Current thresholds for evoking spikes are frequency-dependent(Risner and Holt, 2006). Differential expression of A and HCN channels may occur, but is unknown. We suggest that KCNQ4 and Nav 1.5 are present in large single-spiking neurons based on their reported expression in calyx terminals (see text). Nav 1.8 and Nav 1.9 transcripts are present in the ganglion; we suggest they are expressed by small neurons by analogy with small DRG neurons (see text). The different channels are explained in the text and List of abbreviations. AHP, afterhyperpolarizing potential

An alternative or additional possibility is that the different firing patterns reflect different stages of maturation. Burst-type firing in immature cochlear afferents is assumed to help drive maturation of the entire auditory system [see discussion in Jones et al.(Jones et al., 2007)]. Multiple factors exogenous to the afferents have been implicated in their burst-type activity, including specific complements of ion channels that promote spiking by immature hair cells(Marcotti et al., 2003a; Marcotti et al., 2003b),efferent actions on hair cells (Goutman et al., 2005) and periodic ATP release from supporting cells(Tritsch et al., 2007), but it is also plausible that the immature afferents' own ion channels contribute to spike bursts.
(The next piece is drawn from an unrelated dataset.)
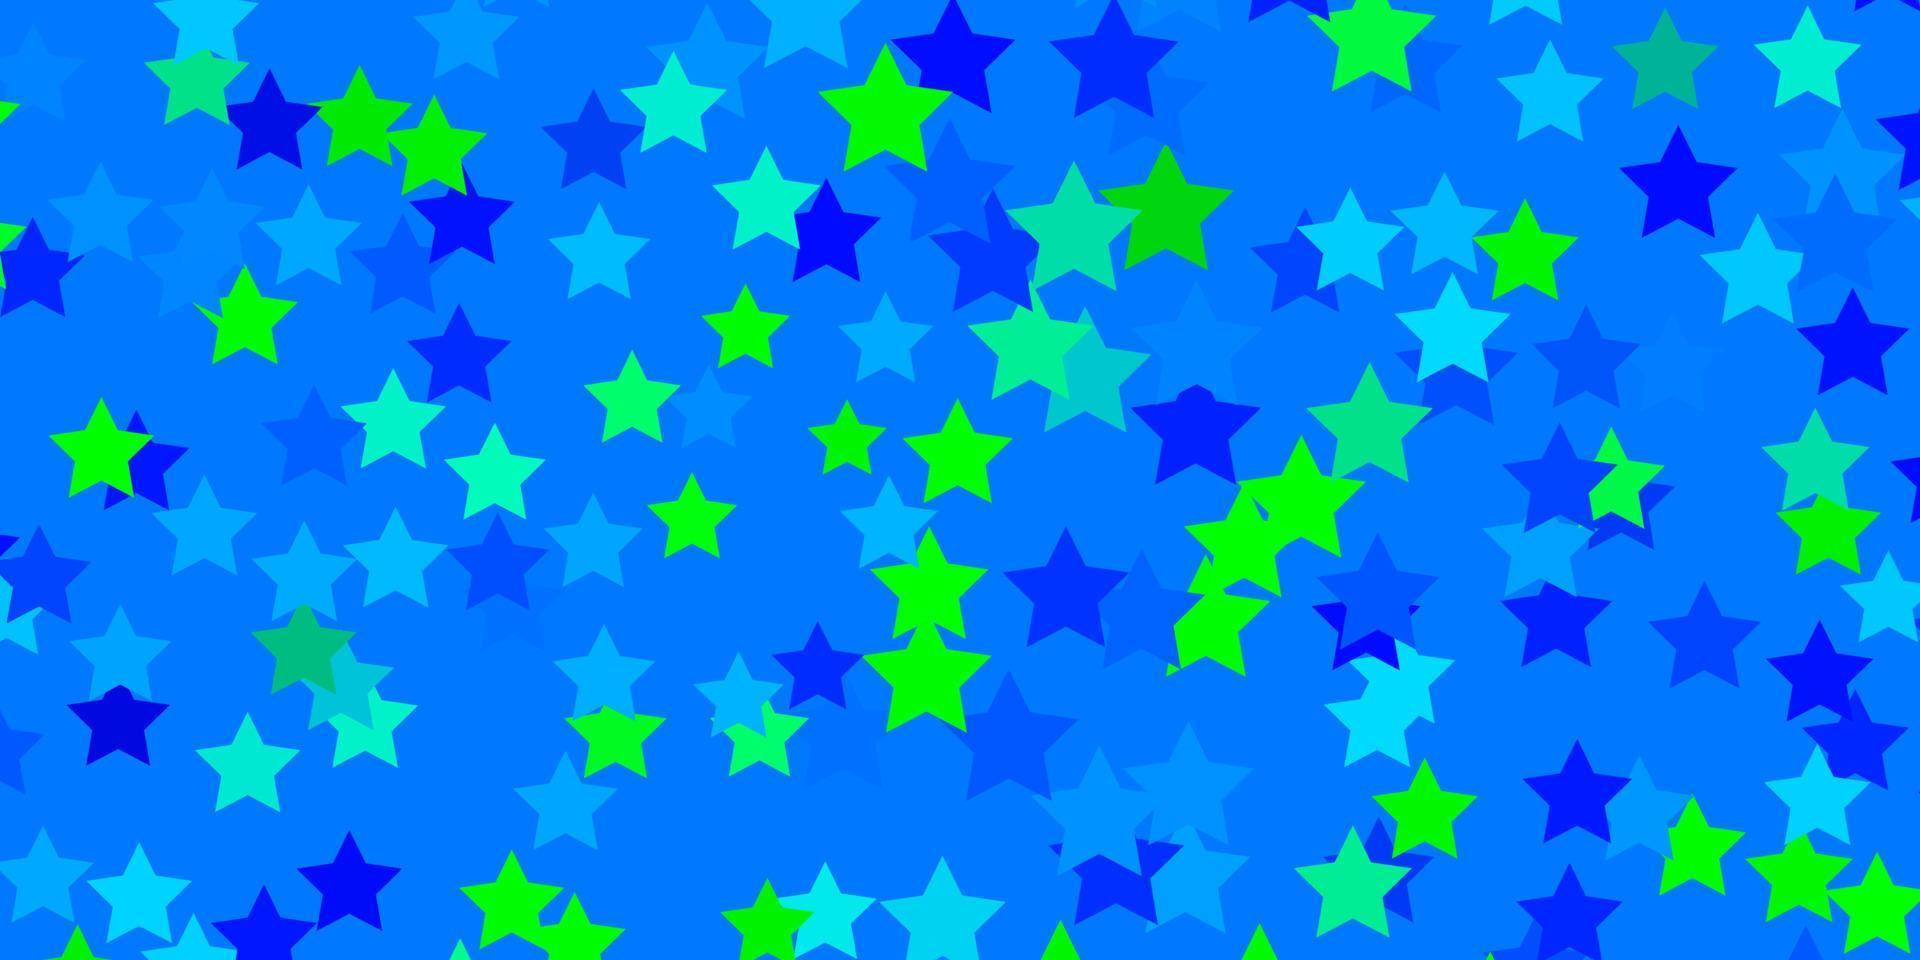 padrão de vetor azul e verde claro com estrelas abstratas.

Similarly, the low-threshold, sustained vestibular neurons might be in an immature state in which endogenous ion channels contribute to spontaneous bursts of spikes.

Parallels with other sensory neurons

Higher-order vestibular and auditory neurons

Type A second-order neurons of the medial vestibular nucleus receive input from regular primary afferents, have regular firing and prominent AHPs and generate sustained firing in response to small depolarizing current steps (for a review, see Straka et al.,2005). Type B second-order neurons receive both regular and irregular inputs, have irregular activity and small AHPs and generate mixed responses to small depolarizing steps (sustained with a transient component,also called phasic-tonic). In compartment models of the two neuronal types,differences in the kinetics of K channels and Ca2+ influx were critical for reproducing differences in both resting discharge and frequency dependence (Av-Ron and Vidal,1999) (for a review, see Straka et al., 2005). Whether such mechanisms operate in primary afferents or not, the diversity of firing regularity in both primary and higher order vestibular neurons reinforces the notion that the diversity has a sensory function.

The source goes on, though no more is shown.